The plan is to use a roaster from a co-worker that is pretty good size.   I just need to make sure the roaster will not require me to re-heat before putting it into the roaster.   I plan to add Jeff's finishing sauce to it when I pull them.   My only other task is get some variety of sauces as I like with either just the finishing sauce and maybe a small amount of tabasco added.   I will try to find some sweet stuff for those that might prefer that.  I saw another thread with some thoughts on this.


----------



## gypsyseagod (Dec 10, 2007)

i did a 7.5 lb last night & just fridged the whole thing- tonight i just added 1/8 cup of water to the foil & stuck it in the oven on 275 for 2 hrs- pulled like a newborn's... well it pulled welll.......


----------



## mobcounty (Dec 14, 2007)

How can I not try your method now BigAL!


----------



## bigal (Dec 14, 2007)

Hey MC.  I assume you have it smoked and pulled.  Light that smoker back up, put the pulled pork in an alum foil pan, mix up some apple juice and apple cider vinegar in a 4(aj):1(acv) ratio.  Get some of your favorite rub and pour on some mix and add some rub, mix together and put in smoker.  Basically for the next 3hrs or so you will be adding mix and rub to taste(this is where it is good to be the cook).  

Keep the smoke to it, lotta meat there.  

If you want you can do this step a day ahead of time, put in fridge and reheat by oven/stove top/microwave and it will still be juicy.  

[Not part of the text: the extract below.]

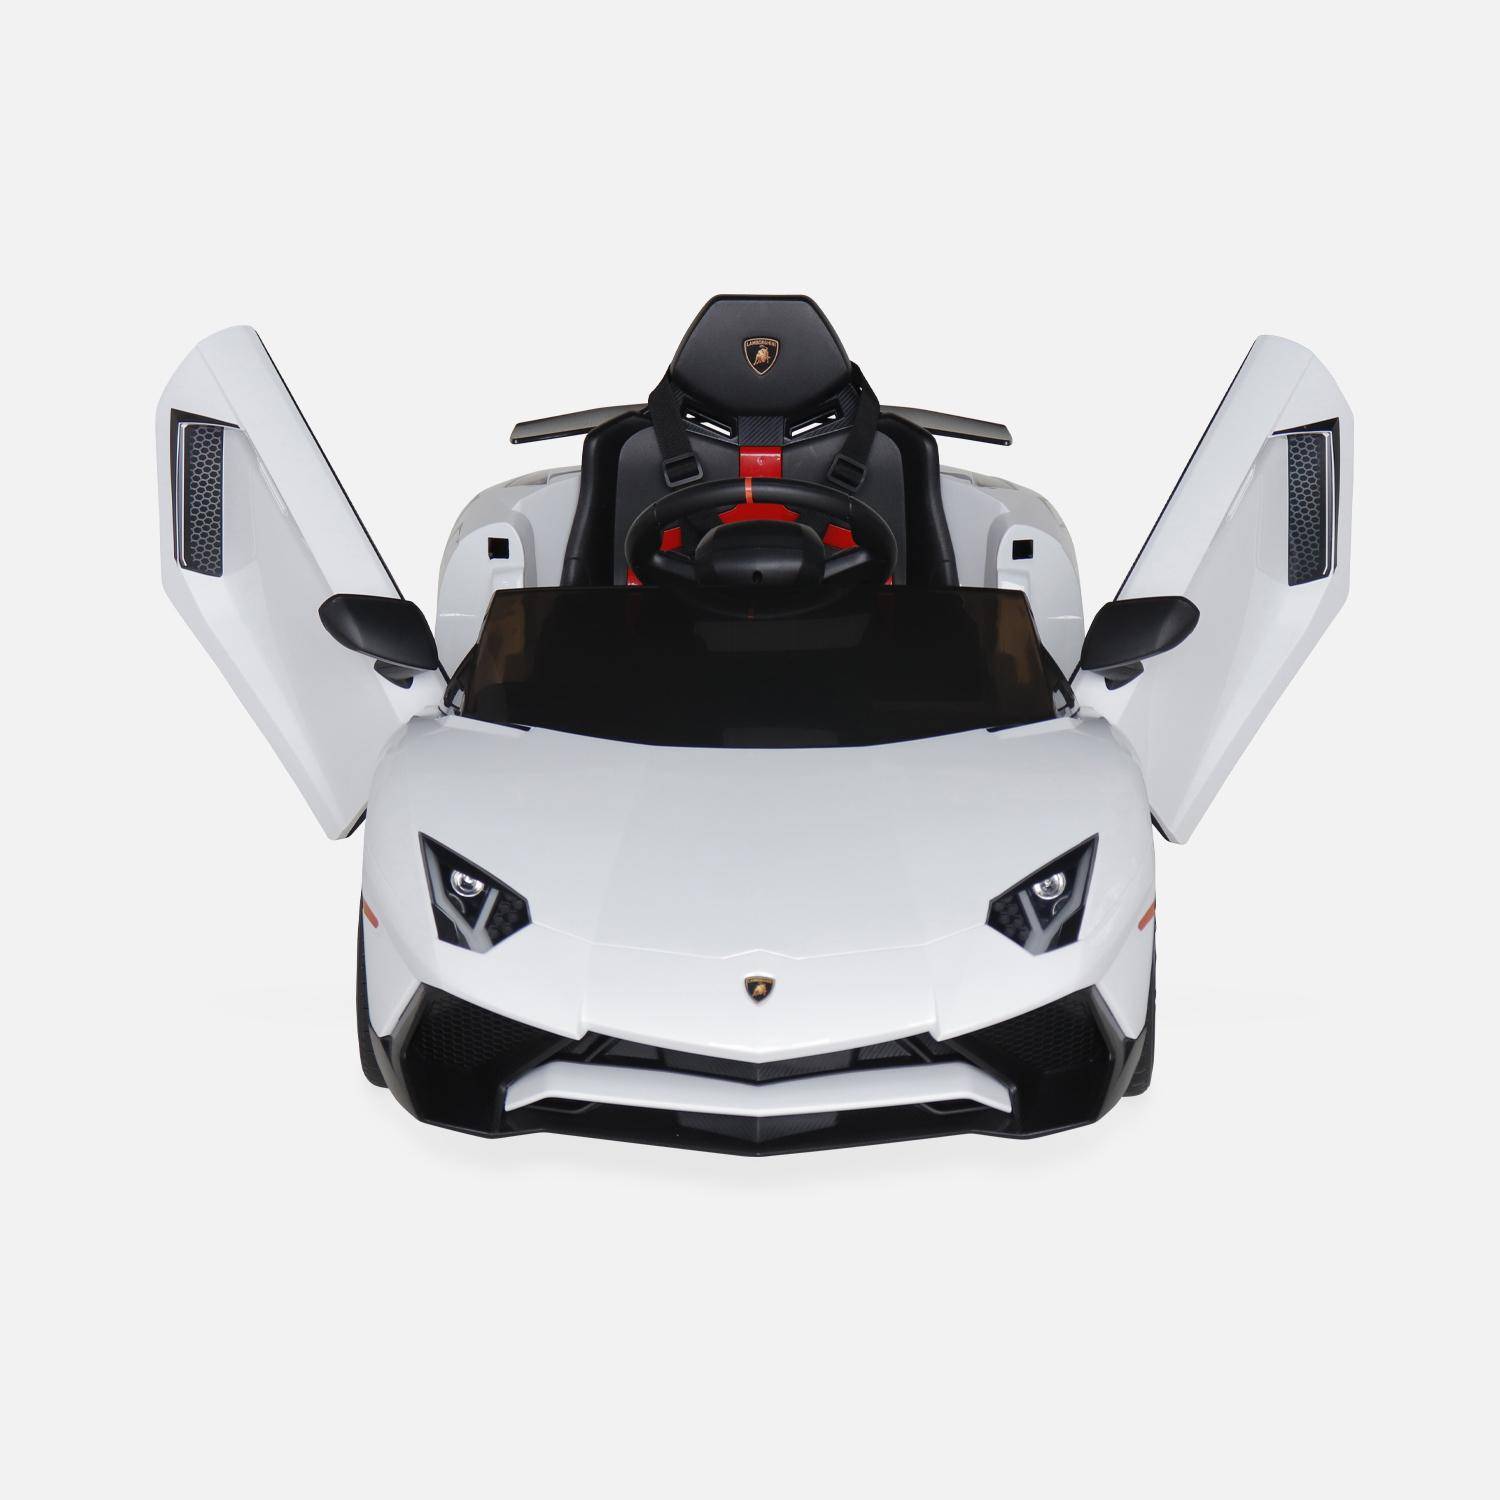 12V Lamborghini elektrische kinderauto, wit, 1 zitplaats, met radio, afstandsbediening, MP3, USB-poort en functionele koplampen Photo6
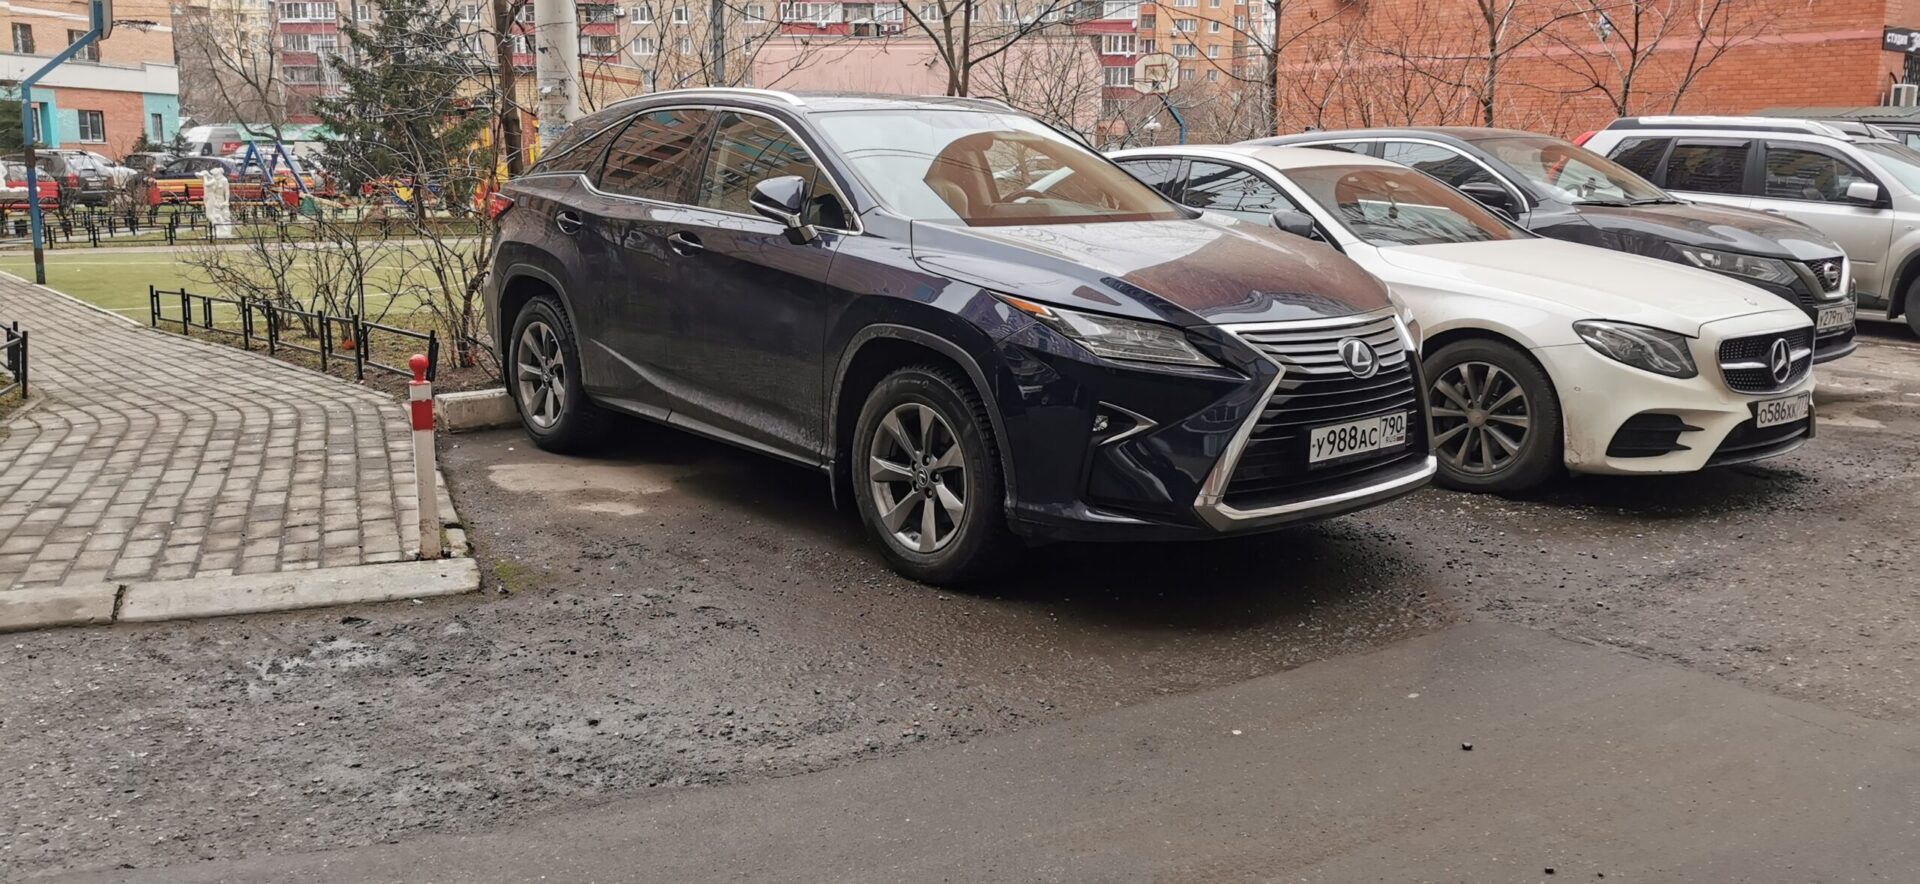 Власти Японии запретили импорт в РФ автомобилей марок Lexus и Infiniti с 5 апреля 2022 года

Any questions call me 620-874-1033(cell).  I'll be glad to help all I can.

Good luck MC


----------



## linda lou (Apr 9, 2015)

I don't have a smoker, but I have a Nesco roaster, which has temperature dial on it.  I can set at 225.  Do you think I could use this and add the juice and vinegar ratio and rub?


----------



## dwolfpak (May 19, 2015)

BigAL said:


> MC, this is what I do w/ALL my pulled pork. It is by far the best we've ever had, and this last batch I made was #1!
> 
> After you smoke your butts(foil if you can to save some juices, but not needed) let them rest for an hr or cool enough to pull. Pull it and divide into 2 9X14X2" trays. put in fridge.
> 
> ...


Saving this for future use...  

For right now, I need suggestions to reheat without  a smoker.  I'm making a about 6 butts for a friends grad party, but I am going to be out of town.  So I will be smoking them a week ahead of time, then freezing for them to reheat in the foil pans.

Suggestions on reheating frozen butts in an oven?  (since they don't have a smoker)

Dan


----------



## oldschoolbbq (May 19, 2015)

Vacume seal it and Boil to re-heat . . .


----------